Microsoft Has Spent Billions Towards AI

Meanwhile, despite investing billions of dollars towards AI, most tech companies are yet to effectively monetize their investments and Microsoft is no exception. Microsoft stock fell 6% after it reported its September quarter earnings last week as while its earnings were better than expected its guidance for the December quarter trailed estimates.

Microsoft reported revenues between $68.1 billion and $69.1 billion for the current quarter which implies a YoY rise of a mere 10.6%. It fell short of the $69.8 billion that analysts were expecting. The company also said that it will book a $1.5 billion loss in the current quarter predominantly on its investment in OpenAI. The company has invested over $13 billion in the ChatGPT parent and is committed to investing more over a multi-year horizon.

OpenAI has been posting absolutely massive losses and is expected to lose $5 billion in 2024 on revenues of $3.7 billion. That said, while the company’s losses have been widening, its revenues are also growing at a brisk pace with sales expected to more than triple to $11.6 billion in 2025.

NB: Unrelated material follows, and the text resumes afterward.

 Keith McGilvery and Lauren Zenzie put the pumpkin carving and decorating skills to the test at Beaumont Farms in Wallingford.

Microsoft Is Upbeat on Its OpenAI Investment

Since Microsoft reports its investment in OpenAI using the equity method, the company needs to recognize its share of losses in OpenAI in its own income statement.

During the earnings call last month, Microsoft was quite upbeat on AI – just as other tech giants are. “We are seeing AI drive a fundamental change in the business applications market as customers shift from legacy apps to AI-first business processes,” said Microsoft CEO Satya Nadella during the earnings call.

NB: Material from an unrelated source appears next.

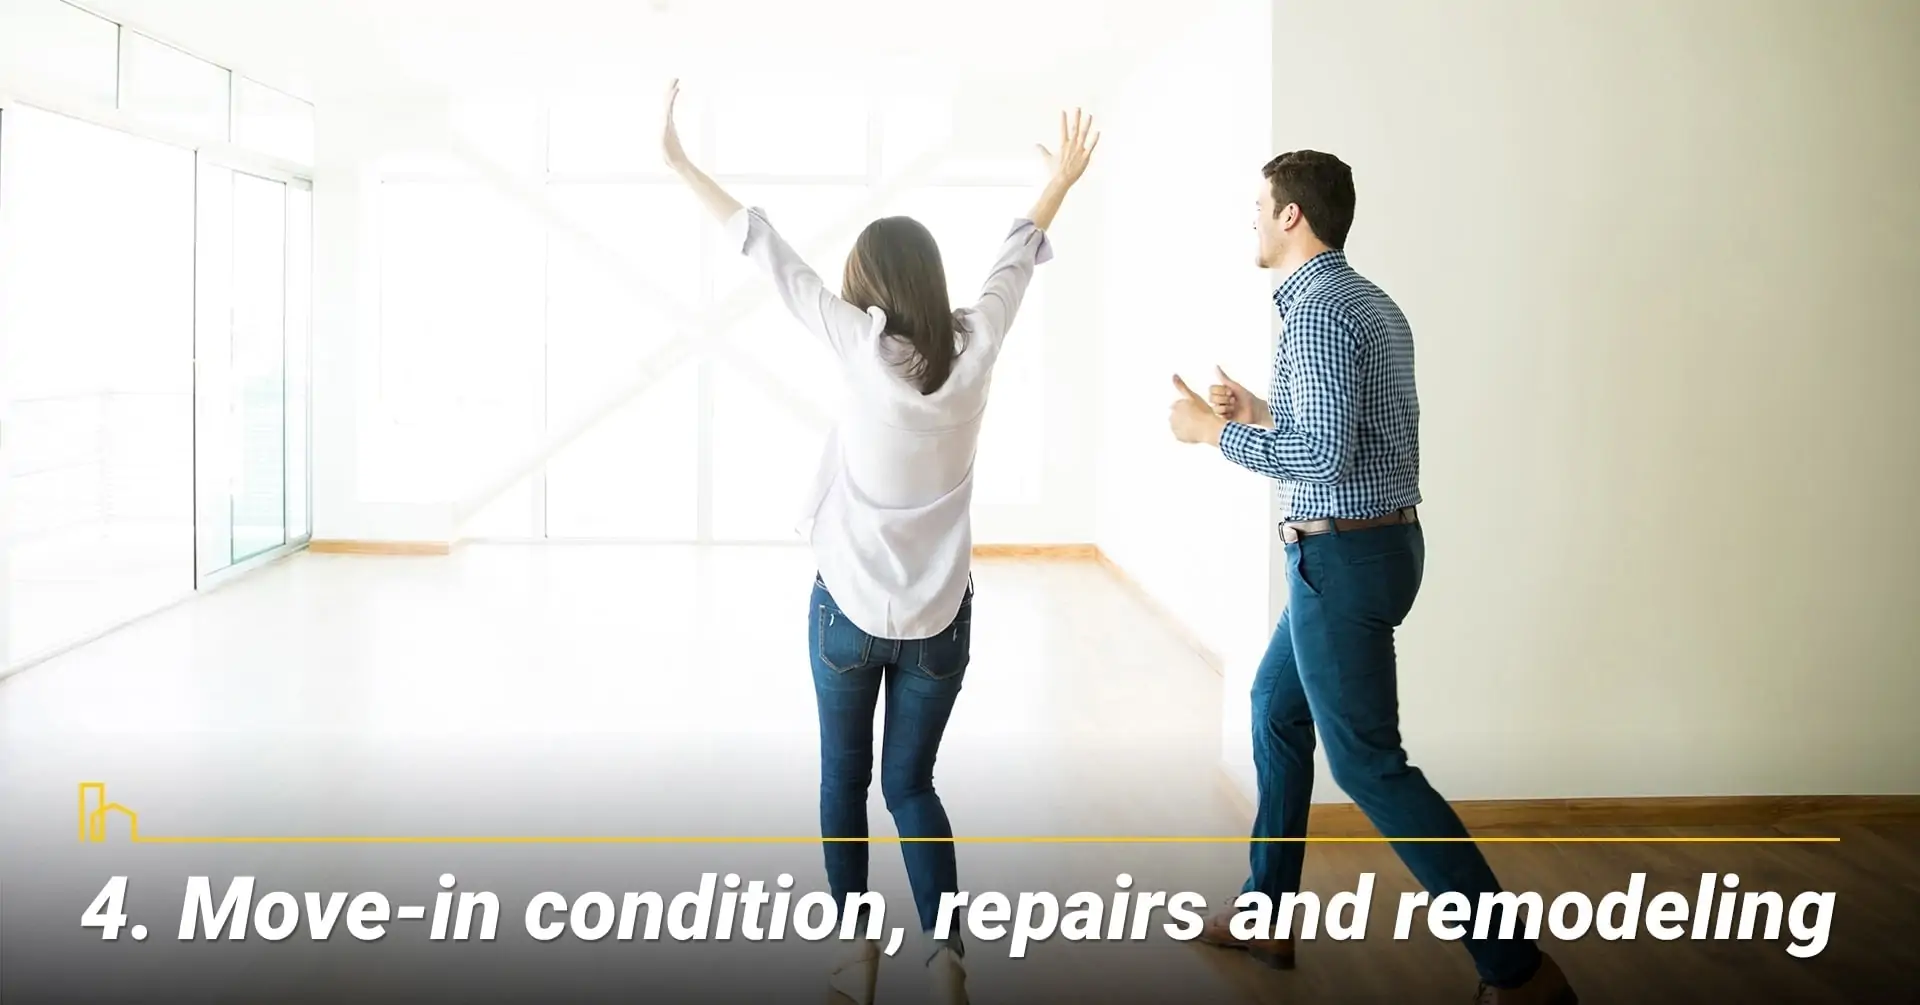 Move-in condition, repairs and remodeling, conditions of the existing home

He added that Microsoft has managed to increase its share in the search market with AI-powered Edge and Bing. In response to an analyst’s question about the relationship between Microsoft and OpenAI, Nadella said that it was “super beneficial” which led to “great success” for both companies.

The importance of AI pivot for Microsoft was underscored by the fact that most analyst questions during the earnings call had something to do with AI.

Microsoft Is Yet to Monetize Its AI Investments in a Big Way

Revenues of companies creating AI products like Microsoft and Alphabet aren’t taking off in a big way despite the massive investments that they are making in AI. Even sales of Apple’s iPhone 16, which was expected to lead to a supercycle amid the AI-powered features, are slow so far. While it was partially due to the late rollout of the flagship Apple Intelligence which will power the device’s AI features, analysts are circumspect about iPhone 16 sales

The valuations of AI companies have gone through the roof as is illustrated by OpenAI’s value doubling within 2024 to a mammoth $157 billion. Naturally, analysts are looking at these valuations and comparing them with returns on AI products and most don’t like what they see, ringing alarm bells about a potential bubble. Chip companies – predominantly Nvidia and its supplier Taiwan Semiconductor Manufacturing Company – have been among the biggest early beneficiaries of the AI pivot, thanks to the soaring demand for AI chips.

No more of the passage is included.